Dooley and Goldman endorsed the section of TSCA that governs the introduction of new chemicals into the U.S. market. Under it, EPA generally has 90 days to review an application for manufacturing or importing a new substance.

Under TSCA, the agency pioneered the use of structure-activity relationships to estimate the toxicity of novel compounds, Goldman pointed out. However, she said, EPA needs to upgrade its methods to include computational methods to screen new chemicals.
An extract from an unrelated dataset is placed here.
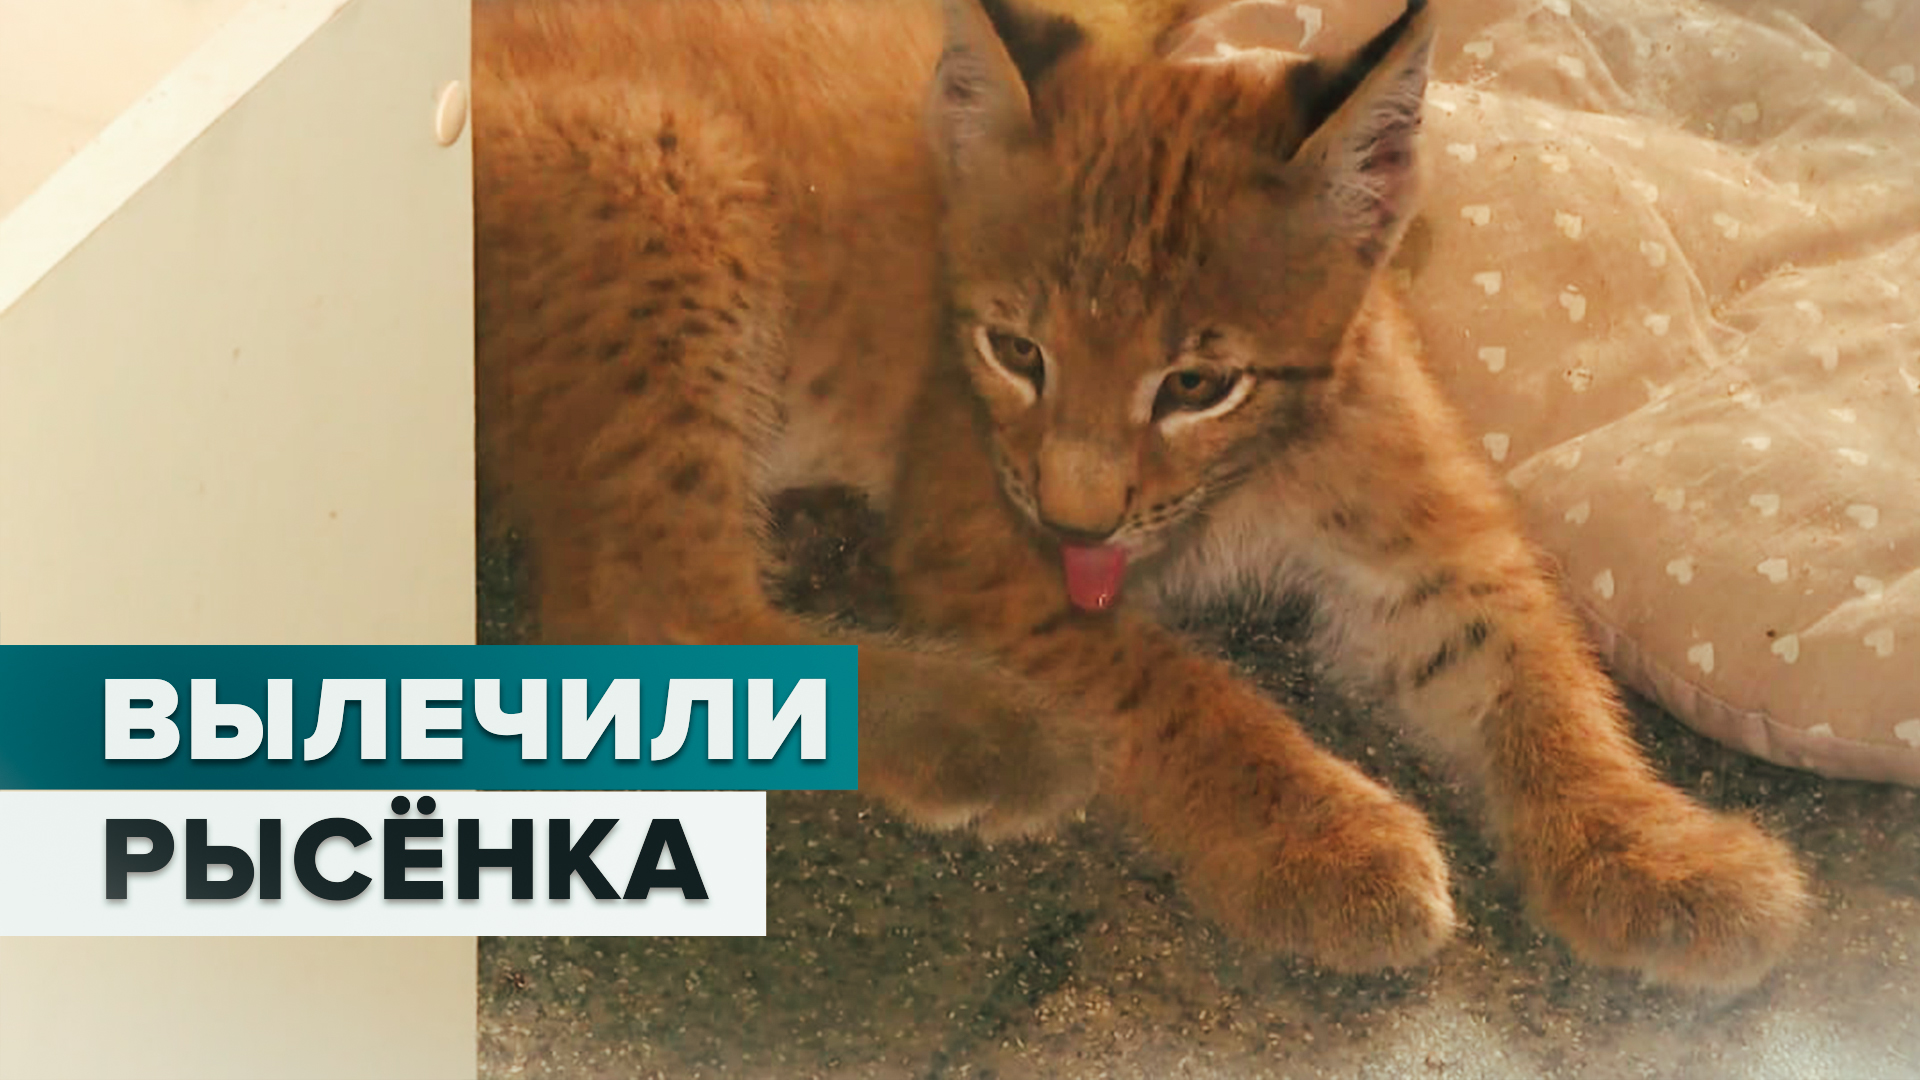 В иркутском «Доме природы» выходили рысёнка-инвалида

Sen. Frank R. Lautenberg (D-N.J.), chairman of the subcommittee, noted that demands for recasting TSCA are coming from an increasingly diverse array of interests. Faith groups are joining the chorus, Lautenberg said at the hearing. He cited a Feb. 3 joint letter supporting TSCA reform from the Episcopal Church USA, Evangelical Lutheran Church in America, National Council of Churches USA, Presbyterian Church USA, Union for Reform Judaism, United Church of Christ, and United Methodist Church.

Lautenberg said he sees an opportunity to get TSCA reform legislation passed within two years. Lautenberg has long championed overhaul of this law, introducing bills in 2005, 2008, and 2010. He said he will work with Republicans “to develop a risk-based system—built on sound science—that protects health and allows companies to continue to thrive.”

Whether freshmen Johanns and Boozman will be convinced to join Lautenberg’s effort isn’t clear. But the possibility exists, especially because the New Jersey Democrat has gained support from a powerful member of the GOP.

Sen. James M. Inhofe of Oklahoma, the top Republican on the full Environment & Public Works Committee, pledged to work with Lautenberg to develop a TSCA reform bill “based on the best available science, one that protects human health, and one that balances the need to protect jobs and economic growth.”